Task ::
Return the following from the records below: each line, word for word, starting with the line that contains "Paquetes de cocaína" and going on through the line that contains "illustration outline brooklyn", with nothing outside that range.
START Data for review
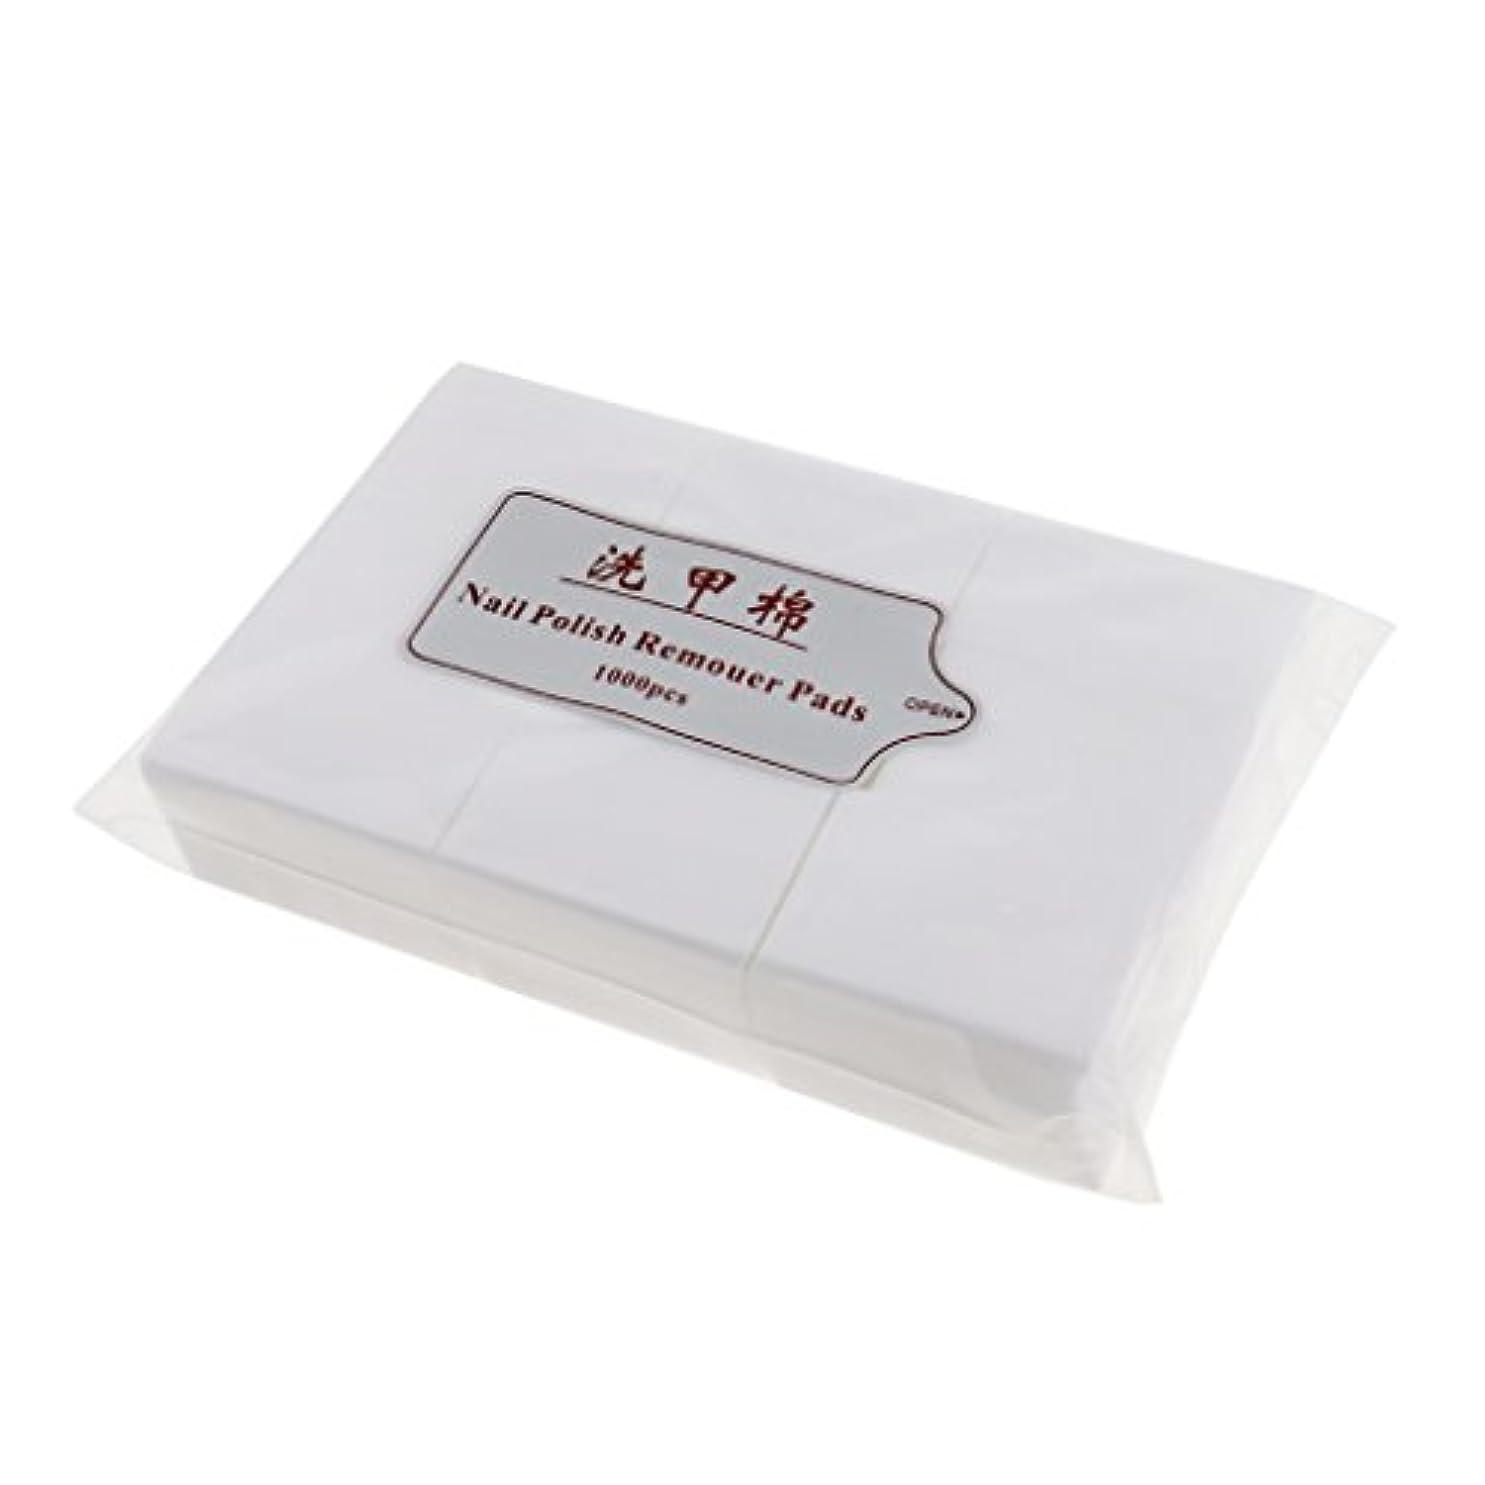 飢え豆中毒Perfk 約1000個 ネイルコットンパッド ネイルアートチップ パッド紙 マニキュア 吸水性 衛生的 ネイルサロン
END Data for review
START Data for review
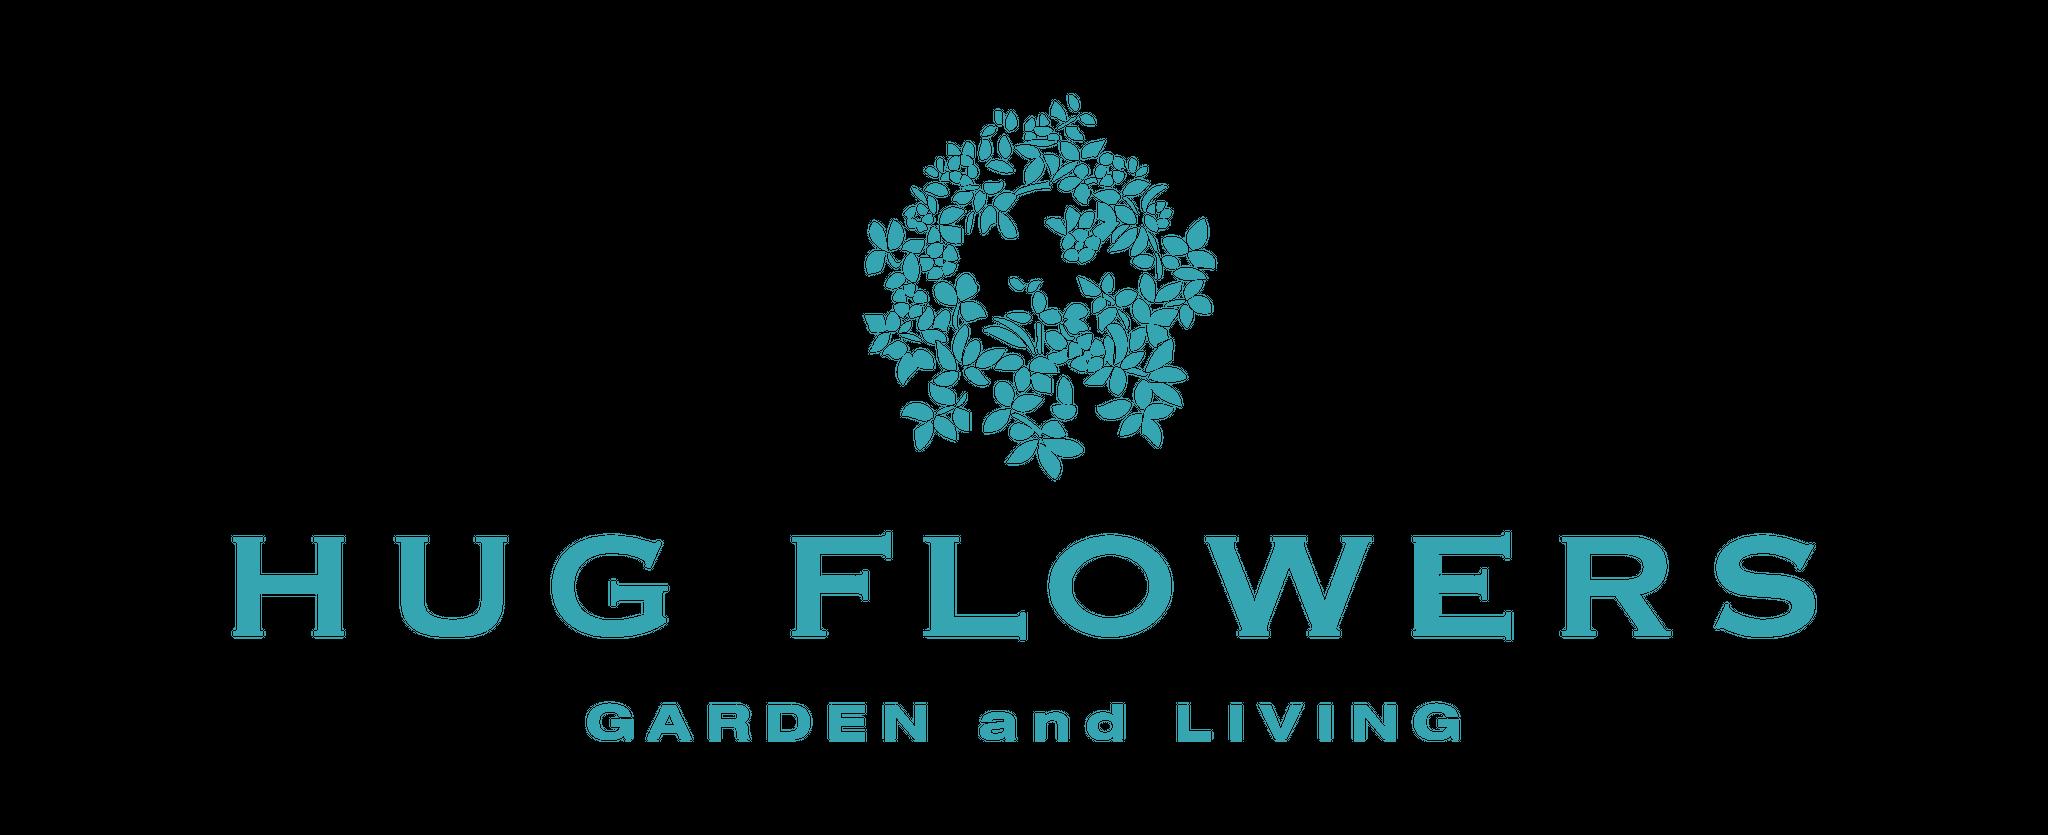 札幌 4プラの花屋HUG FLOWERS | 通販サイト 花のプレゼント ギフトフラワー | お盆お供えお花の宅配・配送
END Data for review
START Data for review
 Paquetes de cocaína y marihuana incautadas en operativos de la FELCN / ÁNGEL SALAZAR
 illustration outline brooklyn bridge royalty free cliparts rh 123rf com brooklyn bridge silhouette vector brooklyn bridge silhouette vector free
END Data for review
Written solution ::
 Paquetes de cocaína y marihuana incautadas en operativos de la FELCN / ÁNGEL SALAZAR
 illustration outline brooklyn bridge royalty free cliparts rh 123rf com brooklyn bridge silhouette vector brooklyn bridge silhouette vector free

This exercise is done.